First, we’re going to need to be able to add Account
objects to
User
objects, and Post
objects to Account
objects. The code for
that will probably look something like:
## method to associate an Account object with a User
# $model is an instance of Jacquard::Model::KiokuDB,
# while $user is a Jacquard::Schema::User,
# and $account->does('Jacquard::Schema::Role::AccountAPI')
$model->add_account_to_user( $account , $user );
## method to add a UserPost object to an Account -- will also save the
## associated Post object if needed
# $model is an instance of Jacquard::Model::KiokuDB,
# while $account->does('Jacquard::Schema::Role::AccountAPI')
# and $post->does('Jacquard::Schema::Role::PostAPI')
$model->add_post_to_account( $userpost , $account );
(Aside: I spent more time than I am willing to disclose trying to decide whether the order of arguments in those methods should be ‘more generic object, more specific object’, or if they should instead be the same as in the method name – which is what I finally went with, reasoning that will serve as a mnemonic.)
We’ll also need to be able to remove Account
objects from User
objects, and modify Post
and UserPost
objects and save those
changes:
## method to remove an Account object from a user
# $model is an instance of Jacquard::Model::KiokuDB,
# while $account->does('Jacquard::Schema::Role::AccountAPI')

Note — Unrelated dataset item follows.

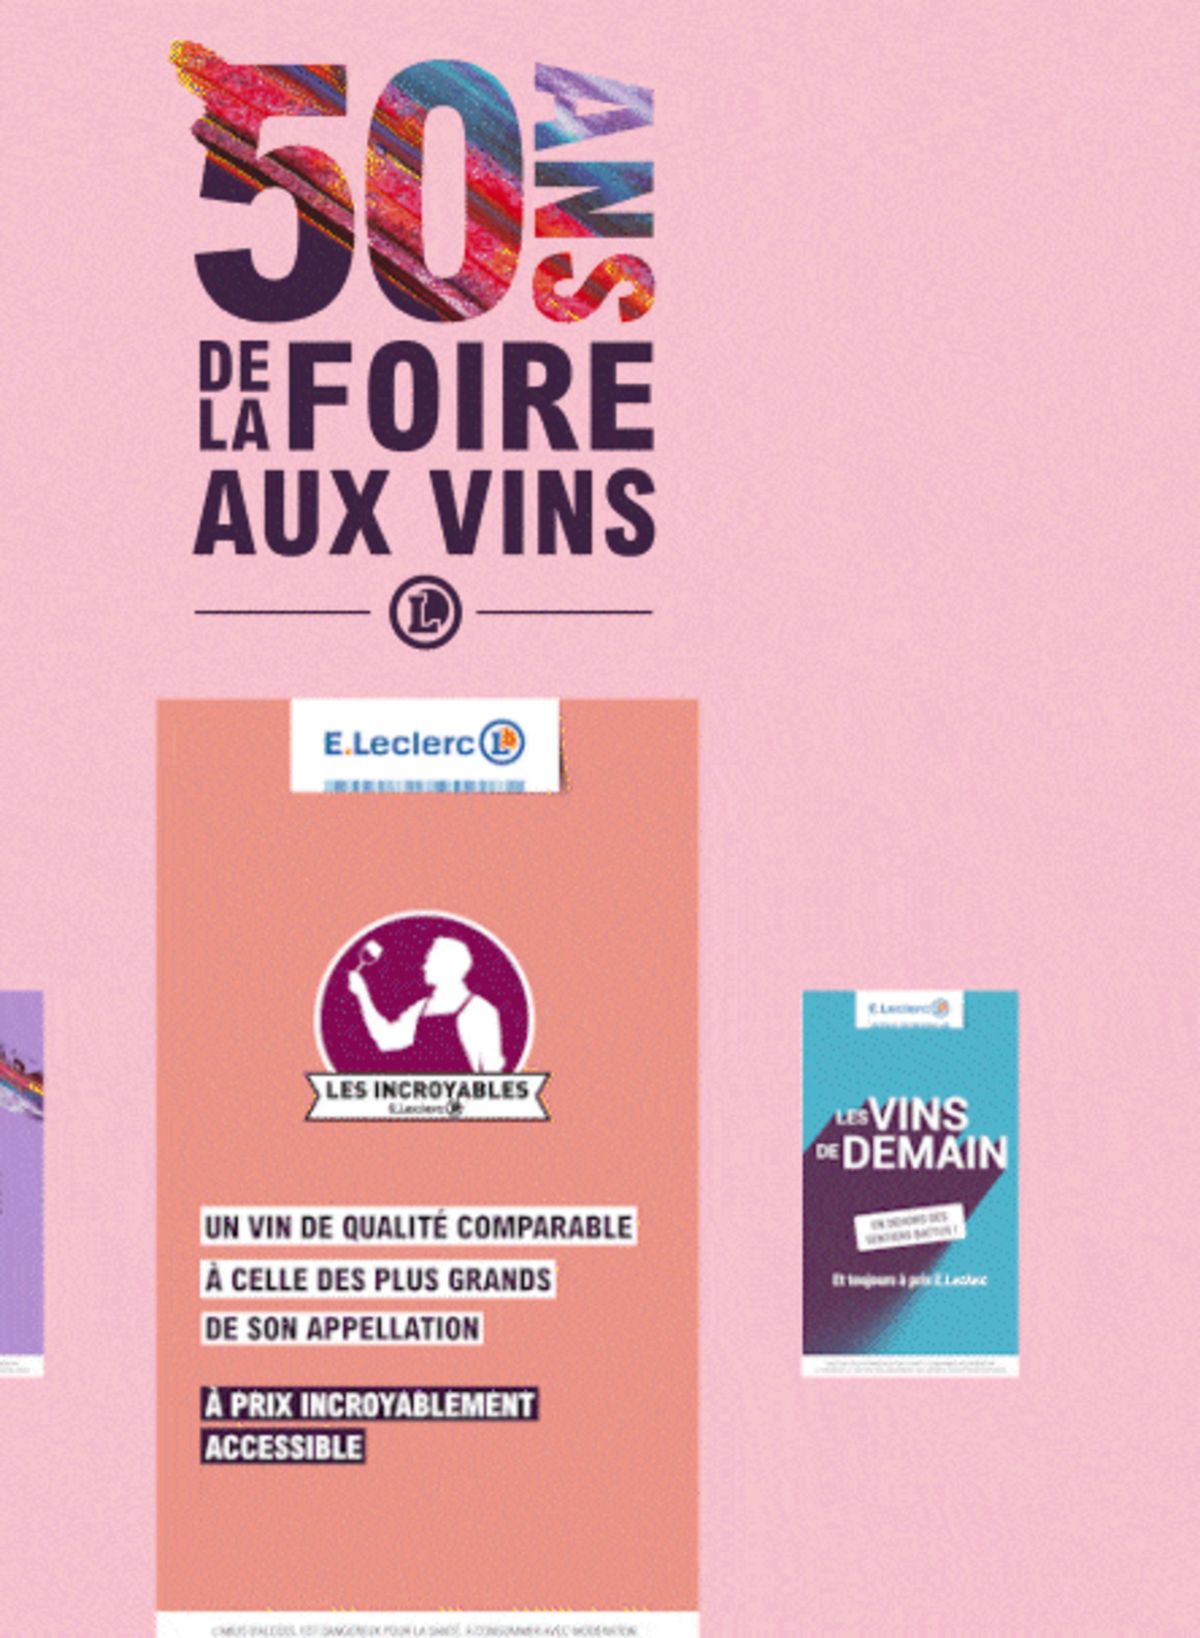 Catalogue Foire Aux Vins - Mixte, page 00678

# doesn't need a user object because $account has an 'owner' attribute
$model->remove_account_from_user( $account );
## method to store a modified Post or UserPost object, e.g. after
## changing some of the metadata, or if the underlying post object is
## updated
# $model is an instance of Jacquard::Model::KiokuDB,
# while $post->does('Jacquard::Schema::Role::PostAPI')
$model->update_post( $post );
Those all look reasonable, at least at first glance. It’s worth noting that none of the methods have an explicit return value – they will just return true on success (and will likely eventually throw some sort of exception object on failure). This approach makes the most sense to me, as it is isolates the model to just marshaling objects to storage. Any modification or manipulation of the objects will happen elsewhere.
At this point, we’ve fleshed out the data model more, we have the
beginnings of a plan for implementing the code that will let Jacquard
interact with other services, and we have the outline for how we’re
going to store and update that data in KiokuDB once we have it. That
seems like a good place to stop. Next time, we’ll actually implement
the first Account
and Post
classes!
As always, the code for Jacquard is available on Github. Patches are welcome; share and enjoy.